Statistics, Science, Random Ramblings

A blog mostly about data and R

If a paper you cite was retracted you will probably never know

Posted at — Jul 5, 2022

I recently stumbled over a preprint describing that even retracted papers receive a lot of citations. We can probably all agree that this is a problem.

It seems reasonable that in the vast majority of cases researchers do not cite retracted papers on purpose. So, what leads to these papers being cited?

You do not know the paper has been retracted

A scenario in which a paper is saved to a literature management software and then read and cited later is very plausible. At the moment I have a four digit number of papers sitting in my library and I will probably never know whether a paper has been retraced or corrections have been published. I think it is also reasonable to assume that the journal you eventually submit to does not check your citations.

There is no good way to find whether a paper has been retracted in an automated way

After becoming aware of the problem my initial thought was that it should be straightforward to write a tool that queries APIs for metadata retrieval like from Pubmed or Crossref. However, while both APIs are happy to report the metadata of retracted articles, there is no mention of these articles being retracted. There is the Retraction Watch Database which is a very useful tool, but lacks the possibility of being queried using an API (and there are also no public dumps of the database contents). While the software Zotero apparently has an integration of the data, such valuable data should really be more easily accessible.

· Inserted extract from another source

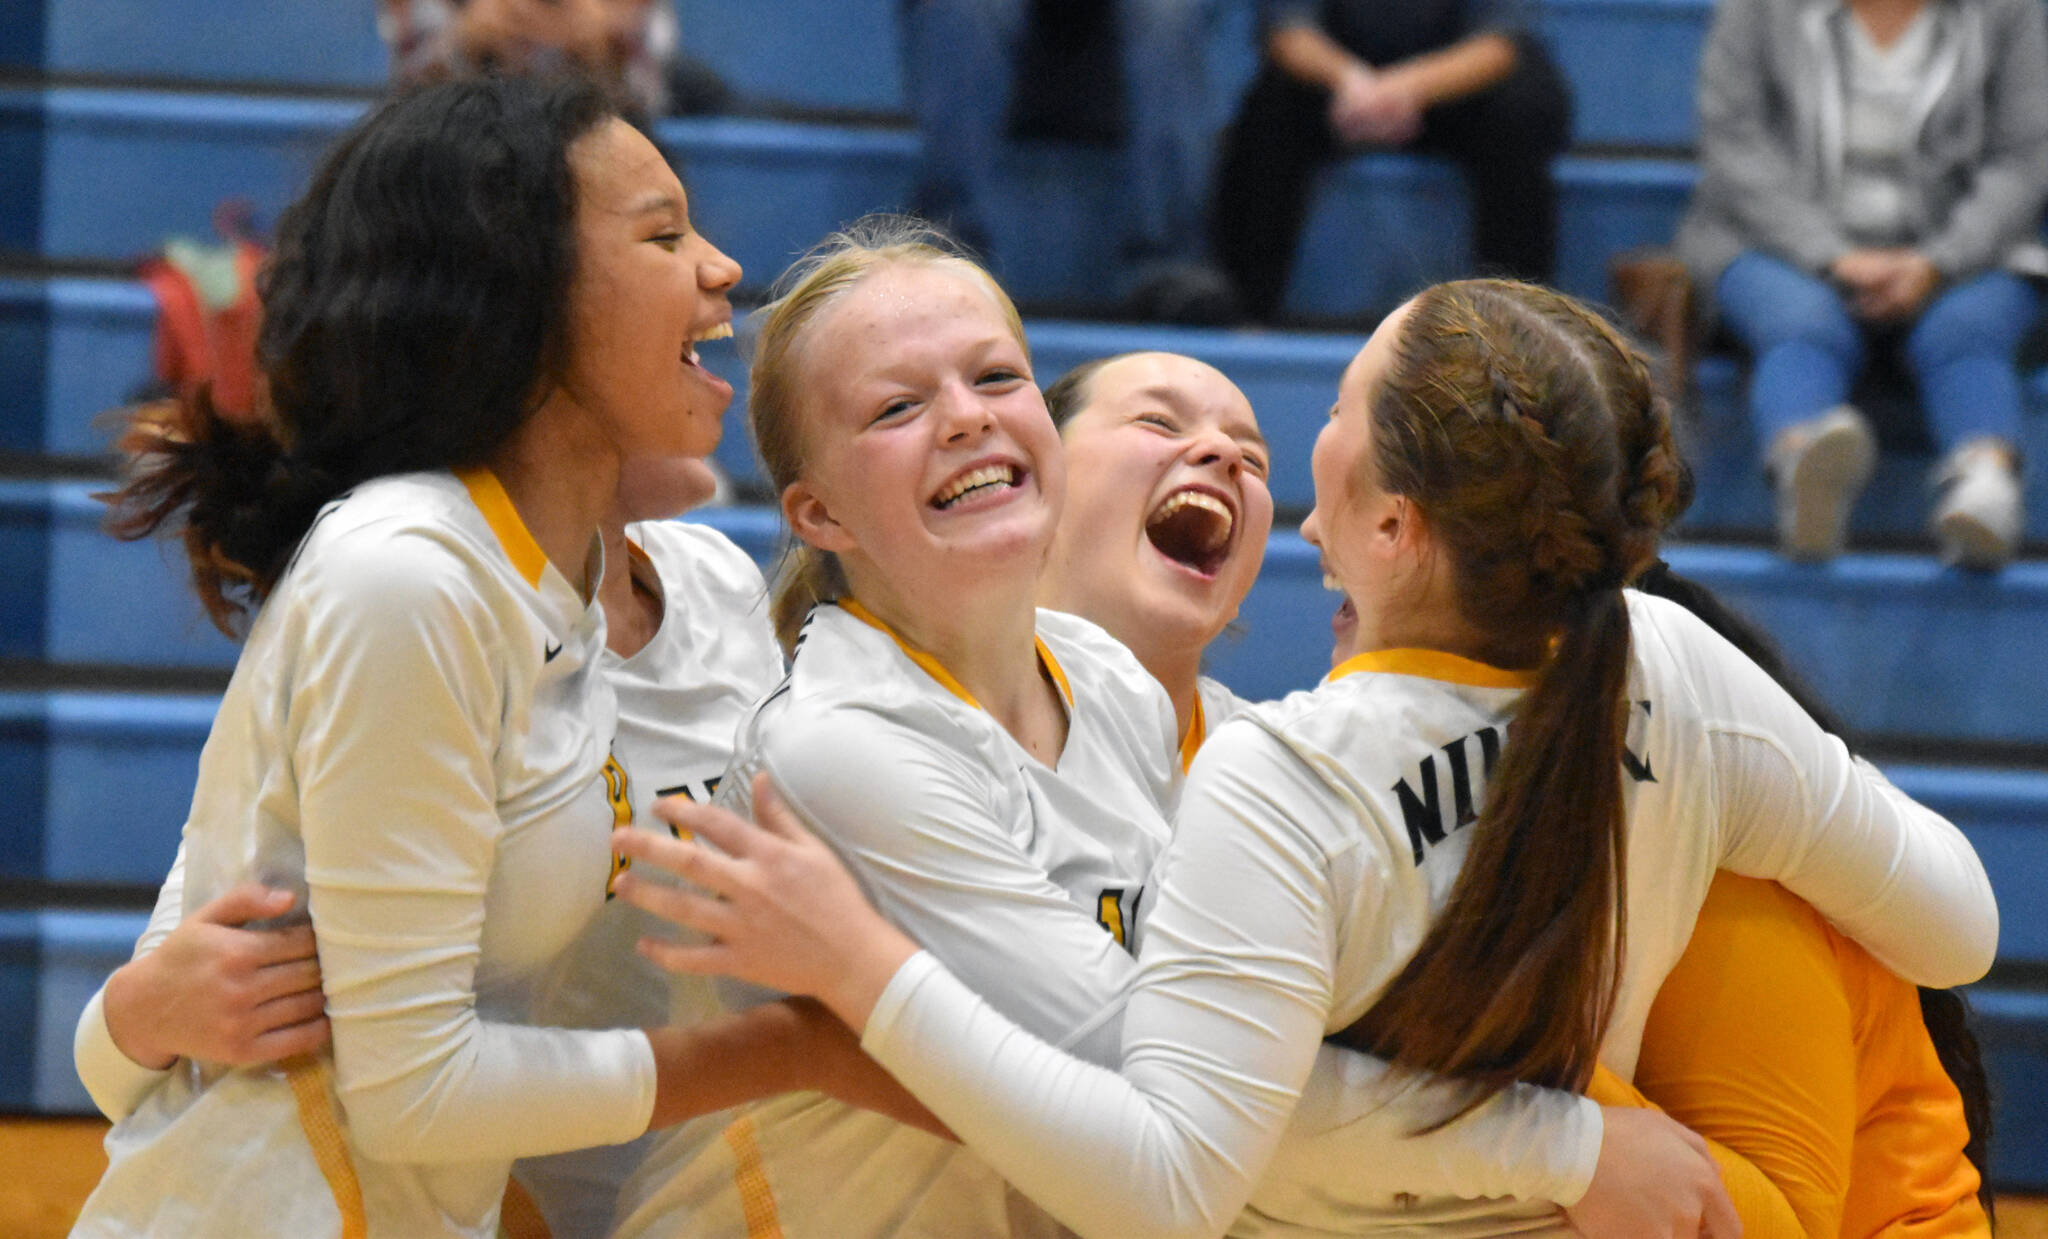 The Nikiski volleyball team celebrates after defeating Soldotna on Thursday, Sept. 8, 2022, at Soldotna High School in Soldotna, Alaska. (Photo by Jake Dye/Peninsula Clarion)

Information about retractions and corrections must however become a standard part of article metadata, this would enable both periodic checks in all literature management software or dedicated tools that check your citations before you submit a paper to a journal.

Retracted articles articles should not appear in-between non-retraced articles

I was really surprised that both Google Scholar as well as Pubmed will return retracted articles as search results right next to regular articles. The former has no indication of the status of the article, while the latter at least includes an annotation of the result and a box with red text and background if you go to the detail page of the result.

However, why treat retracted articles the same as regular ones? While I do not think that retracted articles should be entirely removed from databases and journals' websites, it should be explicit opt-in when searching for literature.

In a similar fashion, the design of journals' websites should really be more explicit when it comes to retracted articles. In times where you need to deal with cookie consents and javascript popups, a subtle red banner at the top of the website will not draw the attention it needs.


Overall, retraction of papers is probably a very rare event. However, it should be made easier to avoid citing retracted papers. Increased publication speeds during the Covid-19 pandemic most certainly amplified the issue quite a bit, but nonetheless this should be addressed.

The easiest solution would be to include information about retraction in article metadata. This should be straightforward and probably solve most cases of accidental citations of retracted papers.